Subprocess 460, which may be implemented by supervisor AI agent 160A, may perform an in-memory join of the results from the plurality of subqueries, received in subprocess 450, to produce a final query result. It should be understood that, due to the fetching of results in increments in subprocess 450, the results may be returned to supervisor AI agent 160A in increments. Thus, supervisor AI agent 160A may perform a plurality of distributed in-memory joins, as the partial results are incrementally returned by cursor AI agent 160E, to produce the final query result. In other words, subprocess 460 may incrementally join batches of results as they are returned. This avoids the need to move full tables across data sources 115, in order to centralize full tables into one system. In addition, if the query crashes before completion (e.g., because a data source 115 timeouts, goes offline, or otherwise fails), supervisor AI agent 160A will still be able to return a partial query result comprising all of the data that have been acquired up to the time of the crash.

Continuing the concrete example from above, subprocess 460 may perform the following in-memory join:

    • SELECT crm.customer_id, crm.name, marketing.campaign_name,
    • marketing.clicks
    • FROM crm_cursor crm
    • JOIN marketing_cursor marketing
    • ON crm.customer_id=marketing.customer_id;

Subprocess 470, which may be implemented by supervisor AI agent 160A, may return the final query result, produced in subprocess 460, in response to the query that was received in subprocess 410. If the query was received from a user via a user interface, the final query result may be returned to the user via the user interface. Similarly, if the query was received from a software entity via an application programming interface, the final query result may be returned to the software entity via the application programming interface.

Subprocess 480, which may be implemented by learning AI agent 160F, may store the execution strategy, determined in subprocess 430, and executed in subprocess 440, in association with a representation of the query and metadata about the execution of the query. The representation of the query may comprise or consist of the query itself and/or one or more elements of the query. The metadata may comprise one or more performance metrics for the execution of the query. The performance metric(s) may comprise the execution time for the query, the amount of data moved between data sources 115, an indexing efficiency, a frequency of similar queries, and/or the like.

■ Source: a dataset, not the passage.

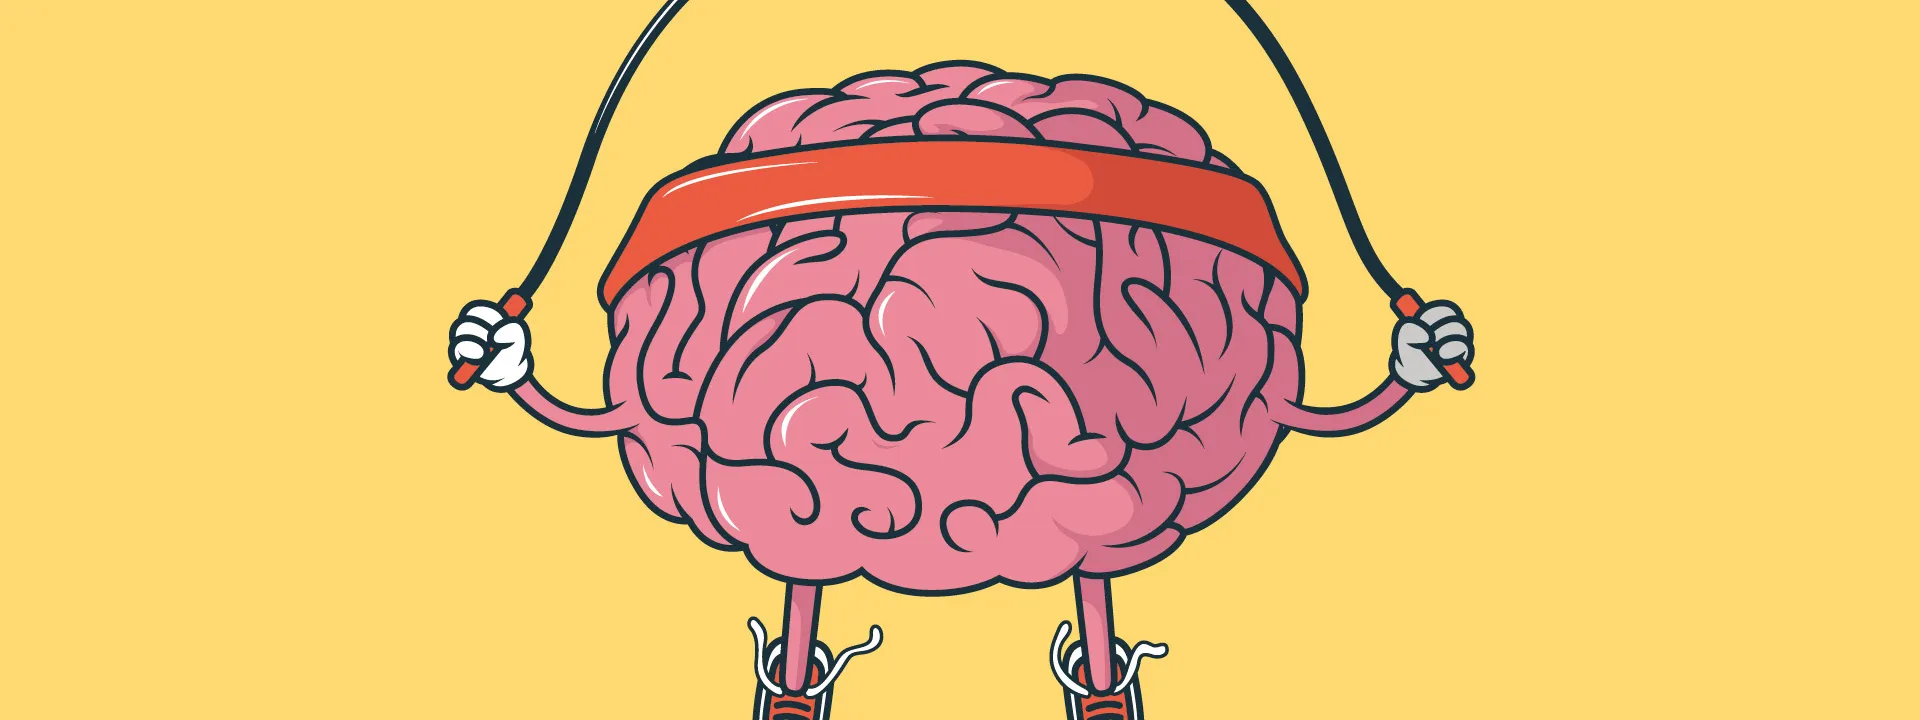 Ilustration eines seilhüpfenden Gehirns
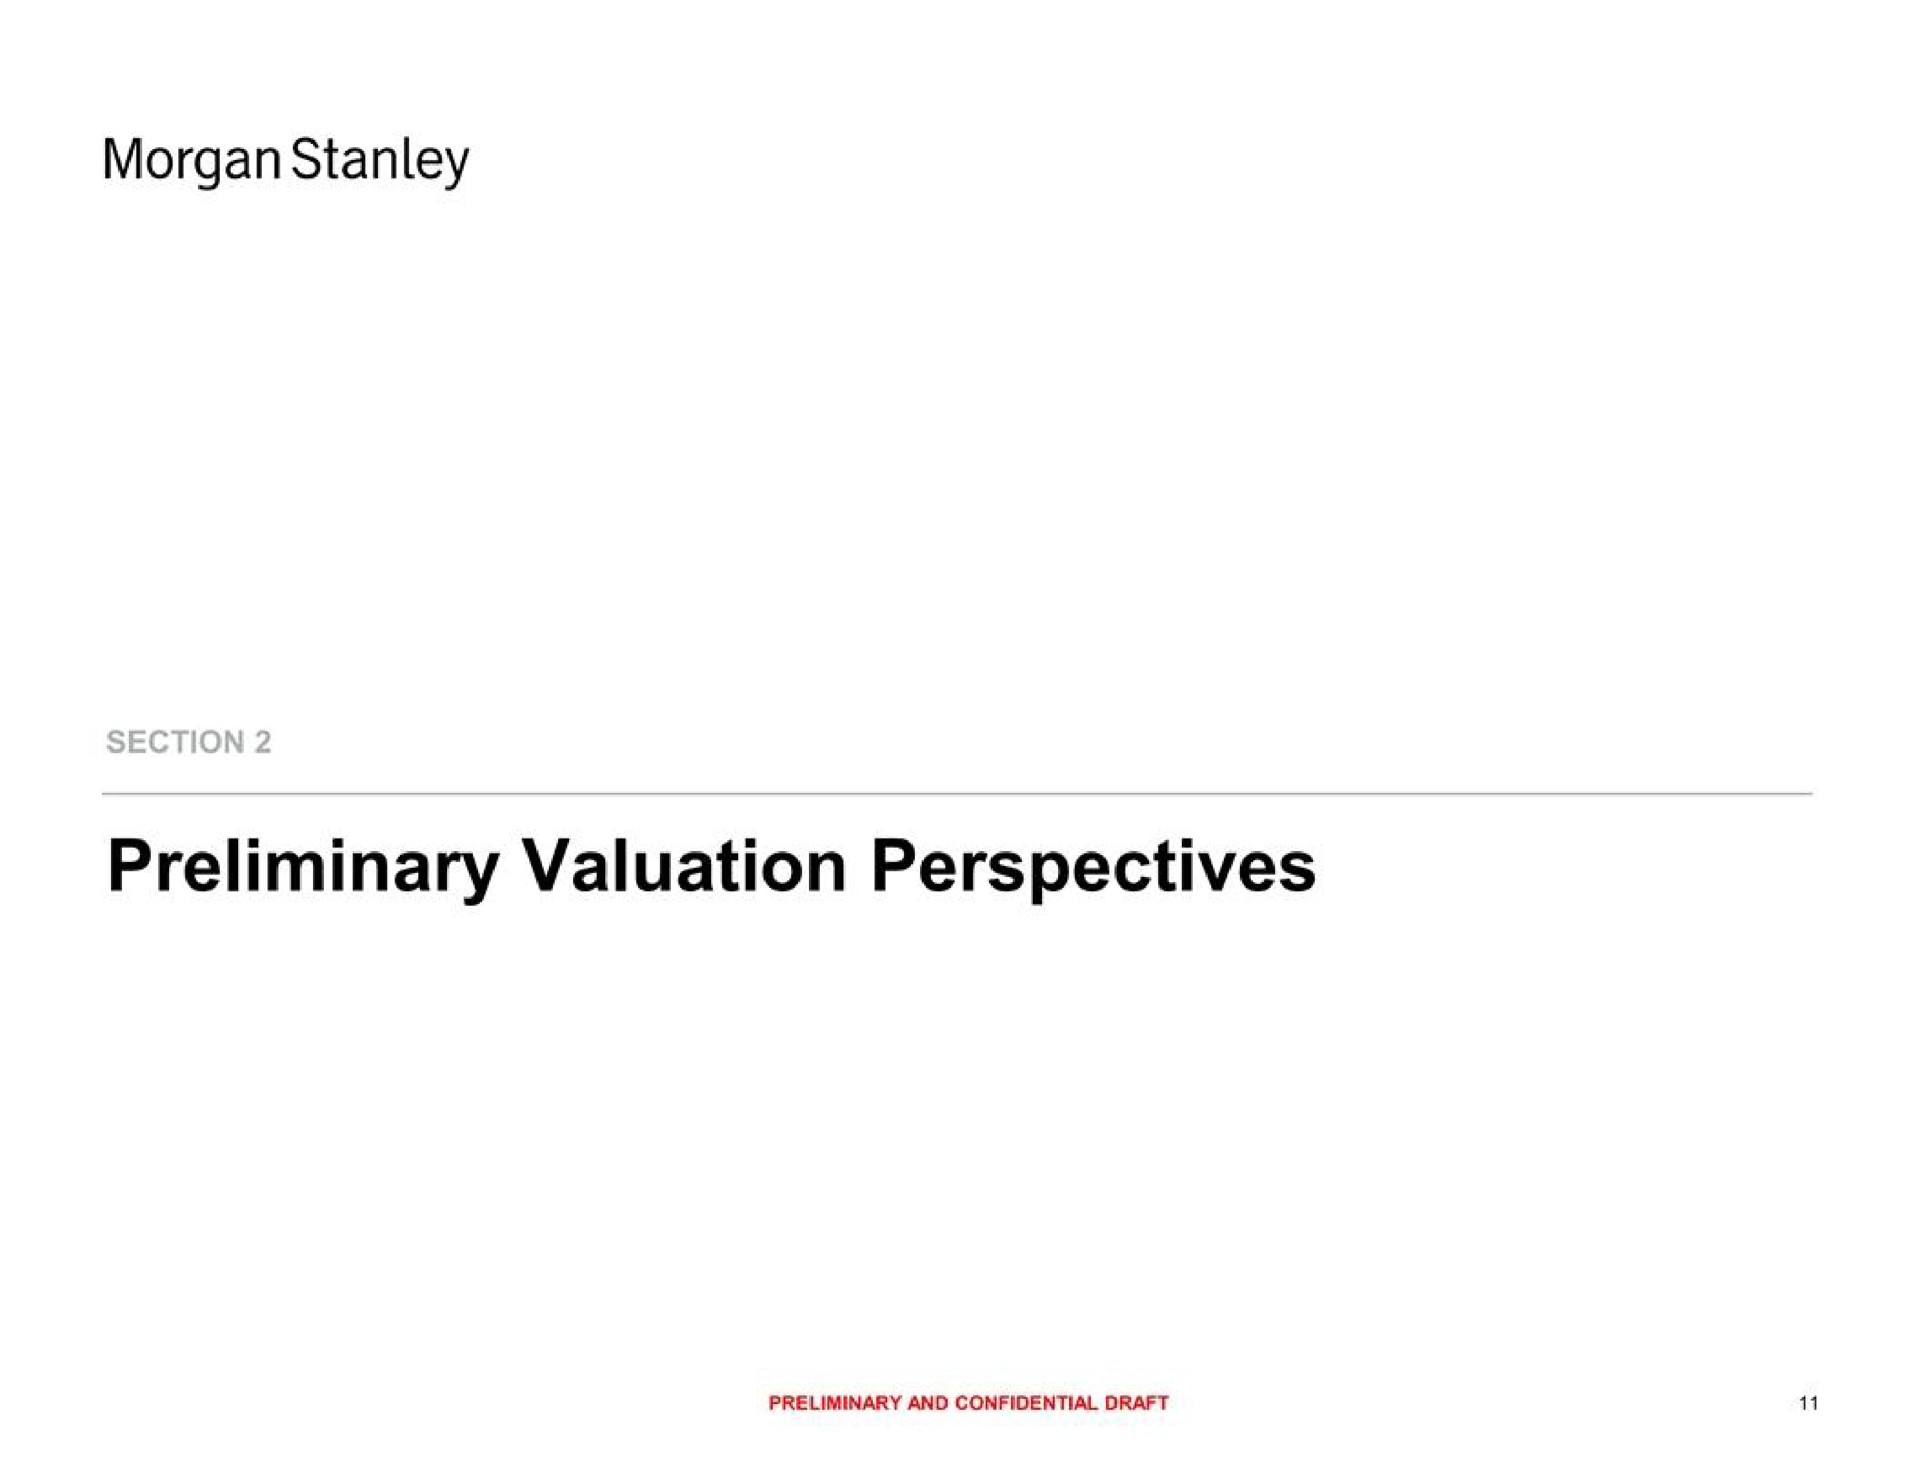 morgan preliminary valuation perspectives | Morgan Stanley

In an embodiment, execution strategies, for which the performance metric(s) satisfy one or more criteria representing high performance, may be stored in historical data in association with the respective queries for which those execution strategies were determined. The one or more criteria may comprise the value of a performance metric, or each of a combination of a plurality of performance metrics, satisfying a respective threshold (e.g., being greater than a threshold, being greater than or equal to a threshold, being less than a threshold, being less than or equal to a threshold, etc.). When a new query is received, for example, by supervisor AI agent 160A, the query may be compared to the queries in the historical data. When a matching query is found for the received query, the execution strategy for that query may be retrieved and reused for execution of the received query. In other words, past execution strategies, which demonstrate high performance, can be reused, thereby saving computational resources, since the execution strategy does not have to redetermined and an execution strategy with low performance can be averted. Essentially, learning AI agent 160F stores performance data to optimize future queries.

Learning AI agent 160F may determine whether or not indexing changes are needed. For example, if subqueries are frequently searching a data source 115, based on a data field for which no index has been built, learning AI agent 160F may determine that an index should be built for that data field. In this case, learning AI agent 160F may recommend a modification to the schema of data source 115 that includes the addition of an index, for the frequently searched data field, to the schema. This recommendation may be provided within a chat interface of learning AI agent 160F, sent as a notification to a user via a dashboard or other graphical user interface of the user account or via other standard messaging means (e.g., email address, text message, etc.), sent as a message to a software entity, and/or the like.

As described herein, federation layer 110 provides an AI-driven multi-agent framework that optimizes query execution across federated data sources 115 by reducing data movement, optimizing execution paths, and learning from historical query performance. Unlike traditional federation layers, which execute queries with static strategies and full-table retrievals, disclosed embodiments of federation layer 110 leverage intent-aware optimization, cursor-based retrieval, and self-learning execution. This multi-agent framework dynamically distributes query processing among specialized AI agents 160, which are each responsible for respective tasks, such as query decomposition, optimization, distributed execution, and learning-based refinement. By minimizing network congestion, optimizing federated joins, and leveraging reinforcement learning for query improvement, federation layer 110 significantly enhances performance, cost efficiency, and adaptability, in complex federated data environments. Federation layer 110 is particularly valuable for federated queries across relational databases, NoSQL stores, object storage, and streaming data sources 115, making it ideal for enterprise-scale data analytics and real-time data processing.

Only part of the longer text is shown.